Complexity Model Selected Savings vs Opus
Simple prompts Haiku (41.9%) 80%
Medium prompts Sonnet (50.5%) 40%
Complex prompts Opus (7.6%) 0%

Token budget multiplier: 3x — your subscription handles 3x more requests through intelligent routing.

How It Works

Your Agent
    │
    │  POST /v1/chat/completions
    │  model: "auto"
    ▼
┌─────────────────────────────────────┐
│   Robot Resources (localhost:3838)  │
│                                     │
│   1. Detect task type               │
│      → coding, reasoning, analysis  │
│        simple_qa, creative, general │
│                                     │
│   2. Filter capable models          │
│      → capability >= 0.70 threshold │
│                                     │
│   3. Select cheapest                │
│      → lowest cost_per_1k_input     │
│                                     │
│   4. Forward to provider            │
│      → Anthropic, OpenAI, Google    │
└─────────────────────────────────────┘
    │
    ▼
Real LLM Provider (using your API keys)

Installation

From PyPI

pip install robot-resources-router

From Source

git clone https://github.com/robot-resources/robot-resources.git
cd robot-resources/router
pip install -e ".[dev]"

Requirements

  • Python 3.10+
  • API keys for at least one provider (Anthropic, OpenAI, or Google)

Configuration

Environment Variables

# Required: At least one provider
export ANTHROPIC_API_KEY="sk-ant-..."
export OPENAI_API_KEY="sk-..."
export GOOGLE_API_KEY="..."

# Optional: Server settings
export ROUTER_PORT=3838              # Default: 3838
export ROUTER_API_KEY="your-key"     # Optional: enable auth on all endpoints
export ROUTER_CORS_ORIGINS=""        # Default: localhost only

Agent Integration

Point your agent's API base URL to http://localhost:3838 and use model auto.

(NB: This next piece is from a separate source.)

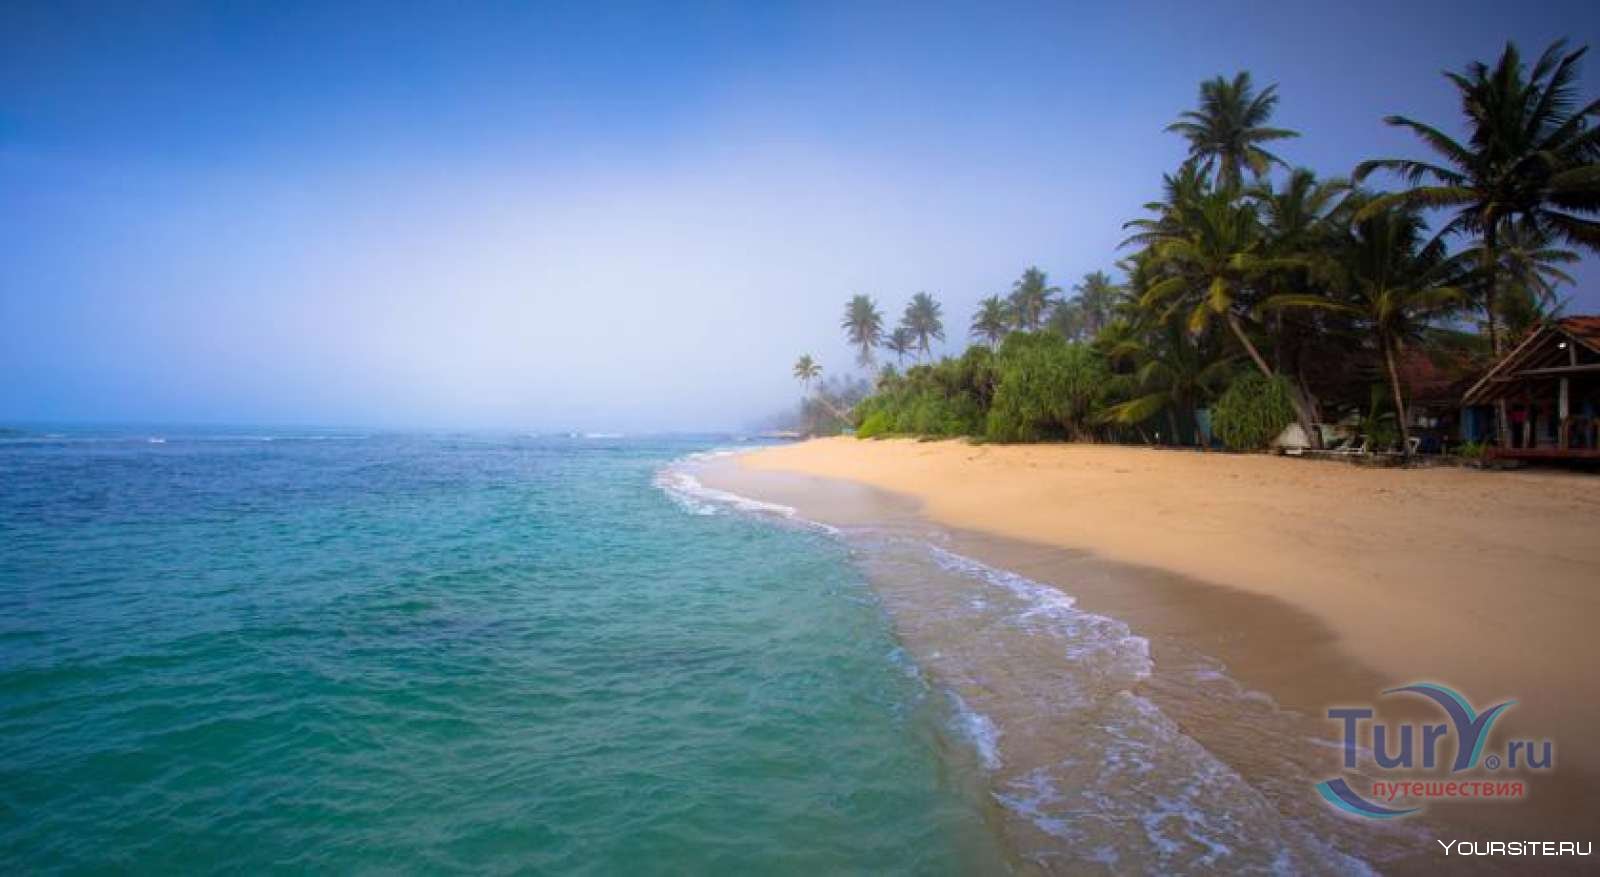 The beach шри ланка. Mirissa Beach Шри Ланка. Полхена Бич Шри Ланка. Пляж Мирисса Шри Ланка. Пляж Полхена Шри Ланка.

Works with any OpenAI-compatible client.

from openai import OpenAI

client = OpenAI(base_url="http://localhost:3838/v1", api_key="unused")
response = client.chat.completions.create(
    model="auto",
    messages=[{"role": "user", "content": "Hello!"}],
)

API Reference

Endpoints

Endpoint Method Description
/v1/chat/completions POST Chat completions (streaming supported)
/v1/models GET List available models
/v1/stats GET Cost savings statistics
/v1/models/compare GET Compare models by task type
/v1/config GET/PATCH View or update routing config at runtime
/health GET Health check with component diagnostics

Request Format

Standard OpenAI chat completions format:

{
  "model": "auto",
  "messages": [
    {"role": "system", "content": "You are helpful."},
    {"role": "user", "content": "Hello!"}
  ],
  "temperature": 0.7,
  "max_tokens": 1000,
  "stream": false
}

Response Format

Standard OpenAI format plus routing_info:

{
  "id": "chatcmpl-abc123",
  "object": "chat.completion",
  "model": "gemini-2.0-flash",
  "choices": [
    {
      "index": 0,
      "message": {
        "role": "assistant",
        "content": "Hello! How can I help you?"
      },
      "finish_reason": "stop"
    }
  ],
  "usage": {
    "prompt_tokens": 10,
    "completion_tokens": 8,
    "total_tokens": 18
  },
  "routing_info": {
    "selected_model": "gemini-2.0-flash",
    "original_model": "auto",
    "provider": "google",
    "task_type": "simple_qa",
    "capability_score": 0.92,
    "savings_percent": 96.0,
    "baseline_model": "gpt-4o",
    "reasoning": "Selected gemini-2.0-flash as cheapest capable model..."
  }
}

Task Types

RR automatically detects 6 task types:

Task Type Detection Keywords Typical Models
coding function, code, debug, python, api claude-sonnet-4-6, gpt-5.4-mini
reasoning explain why, prove, step by step o3, o4-mini
analysis compare, pros and cons, evaluate gpt-5.4-mini, gemini-2.5-pro
simple_qa what is, who invented, capital of gemini-2.5-flash, claude-haiku-4-5
creative write a story, compose, brainstorm claude-sonnet-4-6, gpt-5.4
general (fallback) cheapest available

Supported Models

11 models across 3 supported providers (routes within your available providers):

Provider Models
OpenAI gpt-5.4, gpt-5.4-mini, gpt-5.4-nano, o3, o4-mini
Anthropic claude-opus-4-6, claude-sonnet-4-6, claude-haiku-4-5-20251001
Google gemini-2.5-pro, gemini-2.5-flash, gemini-2.5-flash-lite

CLI Commands

rr-router start                # Start the proxy server
rr-router start --port 8080    # Start on custom port
rr-router status               # Check proxy health and config
rr-router report weekly        # Cost savings report (7 days)
rr-router report monthly       # Cost savings report (30 days)
rr-router --version            # Show version

MCP Server

The Router includes an MCP server for AI agent integration:

npx @robot-resources/router-mcp

Available tools: router_get_stats, router_compare_models, router_get_config, router_set_config.

Development

See CONTRIBUTING.md for the full development guide.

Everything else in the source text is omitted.